Un respiro al dolore
Racconto di Wanda Lamonica
Ecco la piccola pozzanghera delle 18.30. Occhi addosso occhi addosso. Donna Lucrezia ha appena rovesciato la bacinella del malocchio dal suo piccolo balcone, dove da anni castiga un grande gelsomino in un vaso troppo stretto. L’ha versato di nuovo sulla strada, quell’intruglio misterioso, proprio vicino al marciapiede. La nuova macchia si aggiungerà a tutte le altre, ormai vecchie, assorbite passivamente dall’asfalto come un ubriaco strafatto davanti all’ultimo bicchiere di bianco. Illuminate ad intermittenza dalle luci delle auto di passaggio, alcune gocce di olio brillano come frammenti di stelle scaraventate a terra. Roger annusa tutto intorno. Poi, con uno scatto, si allontana dalla misteriosa soluzione d’acqua purificatrice.
Occhi addosso occhi addosso. Donna Lucrezia termina il suo rituale catartico con una specie di segno circolare sul petto. Eccola, Donna Lucrezia, 50 chili di sessantenne, vedova, stretta in una veste nera, con un grembiule arrotolato in vita e uno scialle di lana pesante sulle spalle ossute. Un ciondolo, di quelli che custodiscono piccolissime immagini all’interno, si muove sul suo collo, insieme a lei. Mi saluta sollevando un braccio, poi recupera un tappetino da cucina poggiato sulla ringhiera e ritorna in casa. Sparisce dietro tende pesanti, rapita dalla luce gialla di una cucina come tante, con i vetri delle finestre appannati e la vita di tutti i giorni, a fluttuarci dentro. Roger abbaia ad un paio di gatti che si azzuffano vicino ad una siepe. Il mare, in lontananza, a quest’ora, è soltanto una striscia liquida che sorregge un cielo ormai stanco. Passeggiamo. I profumi di Gennaio sono puniti dal gelo. Ci mettono un po’, a rianimarsi, nelle narici. Sulla via del ritorno, rivedo Donna Lucrezia. Adesso ha un lungo cappotto nero, i capelli raccolti con un fermaglio. Cammina verso di me, a passo lento. Da quando ha perso anche il figlio, l’unico, Donna Lucrezia, non ha più fretta. Né pace, né serenità. Divide le sue giornate con la solitudine, il suo bucato è sempre scuro. I giorni, i mesi, le stagioni, sono tutti tristemente uguali.

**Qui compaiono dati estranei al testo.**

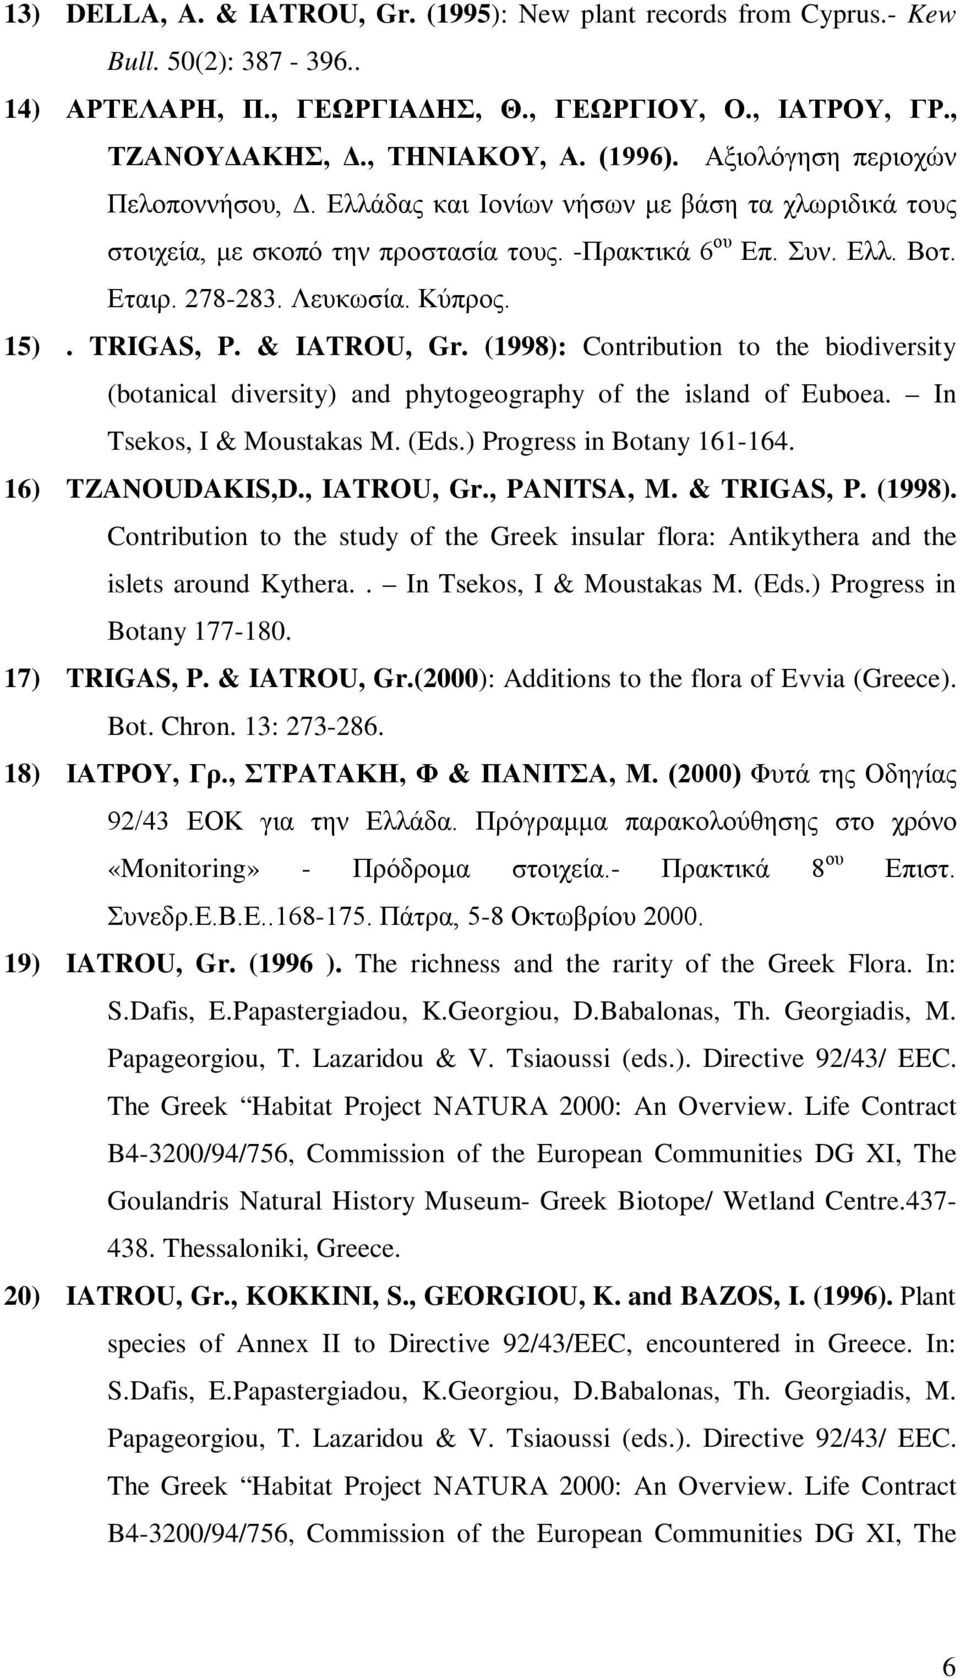 TRIGAS, P. & IATROU, Gr. (1998): Contribution to the biodiversity (botanical diversity) and phytogeography of the island of Euboea. In Tsekos, I & Moustakas M. (Eds.) Progress in Botany 161-164.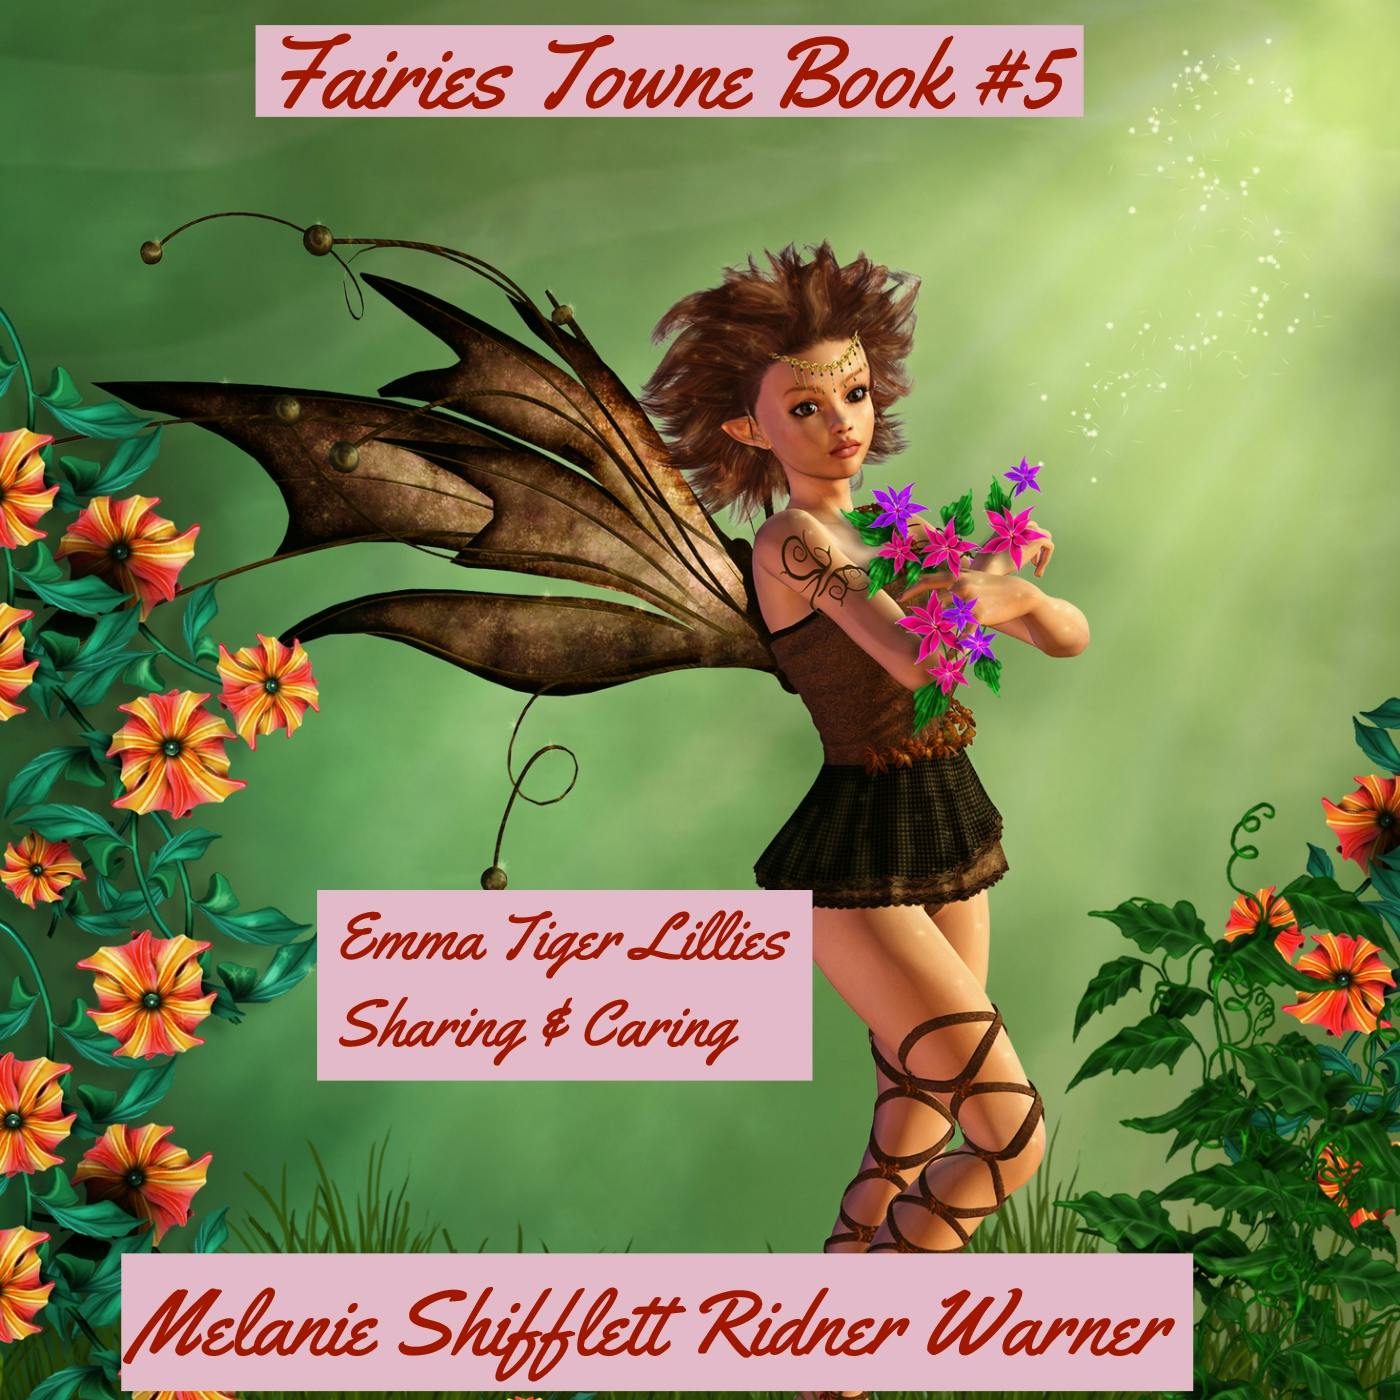 Emma Tiger Lillies: Sharing & Caring - Melanie Shifflett Ridner Warner

Occhi addosso occhi addosso. Chissà cosa chiede, a quella bacinella. Chissà se due fotografie ci stanno strette, in quell’unica, piccolissima medaglia. Soli. Si rimane soli. E forse, i vicini, si chiamano così soltanto perché sono vicine le loro case. Si sceglie, ormai, persino chi voler aiutare. Donna Lucrezia mi viene incontro, mi saluta con un sorriso dolce e antico. Abbassa gli occhi, poi prosegue il suo cammino. In piazza, stasera, c’è un comico abbastanza conosciuto. Che difficile, dev’essere, far ridere la gente. Far riposare nei cuori delle persone, per qualche attimo, dispiaceri e brutti pensieri.
Spero che Donna Lucrezia stia andando lì. A volte ci si sente persino in colpa, ad allontanarsi un attimo da un tormento che fa troppo male. Perché distrarsi da una sofferenza è qualcosa che ti concede respiro. E ti sembra persino di rubarlo, quel respiro, al tuo dolore.